--- Source material ---

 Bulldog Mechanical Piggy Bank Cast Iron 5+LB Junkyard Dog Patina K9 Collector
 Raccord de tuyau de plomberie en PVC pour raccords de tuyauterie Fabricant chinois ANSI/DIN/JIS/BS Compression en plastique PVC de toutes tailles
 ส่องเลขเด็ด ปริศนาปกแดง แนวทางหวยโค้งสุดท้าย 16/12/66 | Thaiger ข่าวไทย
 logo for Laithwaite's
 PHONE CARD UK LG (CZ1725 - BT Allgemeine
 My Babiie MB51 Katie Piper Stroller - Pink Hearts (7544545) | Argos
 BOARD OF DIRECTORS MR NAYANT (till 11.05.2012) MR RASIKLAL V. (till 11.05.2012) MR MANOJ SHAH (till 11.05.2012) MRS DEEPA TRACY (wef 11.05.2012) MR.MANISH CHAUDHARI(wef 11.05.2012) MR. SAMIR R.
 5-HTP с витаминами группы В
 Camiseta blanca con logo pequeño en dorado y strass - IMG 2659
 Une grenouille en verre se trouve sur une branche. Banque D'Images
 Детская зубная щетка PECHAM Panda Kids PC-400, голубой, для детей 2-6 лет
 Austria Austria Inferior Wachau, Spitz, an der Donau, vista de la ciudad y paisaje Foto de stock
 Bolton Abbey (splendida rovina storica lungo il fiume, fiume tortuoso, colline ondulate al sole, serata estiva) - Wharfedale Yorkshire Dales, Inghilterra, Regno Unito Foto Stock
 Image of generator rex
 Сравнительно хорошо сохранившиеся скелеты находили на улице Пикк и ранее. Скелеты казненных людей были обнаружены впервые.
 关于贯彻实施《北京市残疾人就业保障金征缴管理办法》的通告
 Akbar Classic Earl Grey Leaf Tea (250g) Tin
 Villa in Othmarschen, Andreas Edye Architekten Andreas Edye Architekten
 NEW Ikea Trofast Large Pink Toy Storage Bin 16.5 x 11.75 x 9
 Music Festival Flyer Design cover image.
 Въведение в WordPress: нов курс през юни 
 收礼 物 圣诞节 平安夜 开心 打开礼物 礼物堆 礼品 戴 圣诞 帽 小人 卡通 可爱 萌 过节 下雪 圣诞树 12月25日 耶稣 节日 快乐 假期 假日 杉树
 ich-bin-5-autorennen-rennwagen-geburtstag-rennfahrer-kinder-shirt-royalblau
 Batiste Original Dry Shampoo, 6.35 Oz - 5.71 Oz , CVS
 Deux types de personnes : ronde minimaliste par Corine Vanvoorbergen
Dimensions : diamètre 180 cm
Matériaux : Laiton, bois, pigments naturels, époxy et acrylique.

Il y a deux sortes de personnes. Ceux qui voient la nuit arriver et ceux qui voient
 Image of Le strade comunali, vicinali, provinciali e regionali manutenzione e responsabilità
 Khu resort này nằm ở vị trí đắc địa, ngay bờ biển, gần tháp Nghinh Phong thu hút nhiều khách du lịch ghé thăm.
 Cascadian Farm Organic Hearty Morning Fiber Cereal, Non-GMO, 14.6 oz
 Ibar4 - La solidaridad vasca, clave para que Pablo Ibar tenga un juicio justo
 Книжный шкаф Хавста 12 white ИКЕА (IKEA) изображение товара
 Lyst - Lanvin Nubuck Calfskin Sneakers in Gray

---

Problem to work on
Type out the full listing again, exactly as given.

Result of the exercise
 Bulldog Mechanical Piggy Bank Cast Iron 5+LB Junkyard Dog Patina K9 Collector
 Raccord de tuyau de plomberie en PVC pour raccords de tuyauterie Fabricant chinois ANSI/DIN/JIS/BS Compression en plastique PVC de toutes tailles
 ส่องเลขเด็ด ปริศนาปกแดง แนวทางหวยโค้งสุดท้าย 16/12/66 | Thaiger ข่าวไทย
 logo for Laithwaite's
 PHONE CARD UK LG (CZ1725 - BT Allgemeine
 My Babiie MB51 Katie Piper Stroller - Pink Hearts (7544545) | Argos
 BOARD OF DIRECTORS MR NAYANT (till 11.05.2012) MR RASIKLAL V. (till 11.05.2012) MR MANOJ SHAH (till 11.05.2012) MRS DEEPA TRACY (wef 11.05.2012) MR.MANISH CHAUDHARI(wef 11.05.2012) MR. SAMIR R.
 5-HTP с витаминами группы В
 Camiseta blanca con logo pequeño en dorado y strass - IMG 2659
 Une grenouille en verre se trouve sur une branche. Banque D'Images
 Детская зубная щетка PECHAM Panda Kids PC-400, голубой, для детей 2-6 лет
 Austria Austria Inferior Wachau, Spitz, an der Donau, vista de la ciudad y paisaje Foto de stock
 Bolton Abbey (splendida rovina storica lungo il fiume, fiume tortuoso, colline ondulate al sole, serata estiva) - Wharfedale Yorkshire Dales, Inghilterra, Regno Unito Foto Stock
 Image of generator rex
 Сравнительно хорошо сохранившиеся скелеты находили на улице Пикк и ранее. Скелеты казненных людей были обнаружены впервые.
 关于贯彻实施《北京市残疾人就业保障金征缴管理办法》的通告
 Akbar Classic Earl Grey Leaf Tea (250g) Tin
 Villa in Othmarschen, Andreas Edye Architekten Andreas Edye Architekten
 NEW Ikea Trofast Large Pink Toy Storage Bin 16.5 x 11.75 x 9
 Music Festival Flyer Design cover image.
 Въведение в WordPress: нов курс през юни 
 收礼 物 圣诞节 平安夜 开心 打开礼物 礼物堆 礼品 戴 圣诞 帽 小人 卡通 可爱 萌 过节 下雪 圣诞树 12月25日 耶稣 节日 快乐 假期 假日 杉树
 ich-bin-5-autorennen-rennwagen-geburtstag-rennfahrer-kinder-shirt-royalblau
 Batiste Original Dry Shampoo, 6.35 Oz - 5.71 Oz , CVS
 Deux types de personnes : ronde minimaliste par Corine Vanvoorbergen
Dimensions : diamètre 180 cm
Matériaux : Laiton, bois, pigments naturels, époxy et acrylique.

Il y a deux sortes de personnes. Ceux qui voient la nuit arriver et ceux qui voient
 Image of Le strade comunali, vicinali, provinciali e regionali manutenzione e responsabilità
 Khu resort này nằm ở vị trí đắc địa, ngay bờ biển, gần tháp Nghinh Phong thu hút nhiều khách du lịch ghé thăm.
 Cascadian Farm Organic Hearty Morning Fiber Cereal, Non-GMO, 14.6 oz
 Ibar4 - La solidaridad vasca, clave para que Pablo Ibar tenga un juicio justo
 Книжный шкаф Хавста 12 white ИКЕА (IKEA) изображение товара
 Lyst - Lanvin Nubuck Calfskin Sneakers in Gray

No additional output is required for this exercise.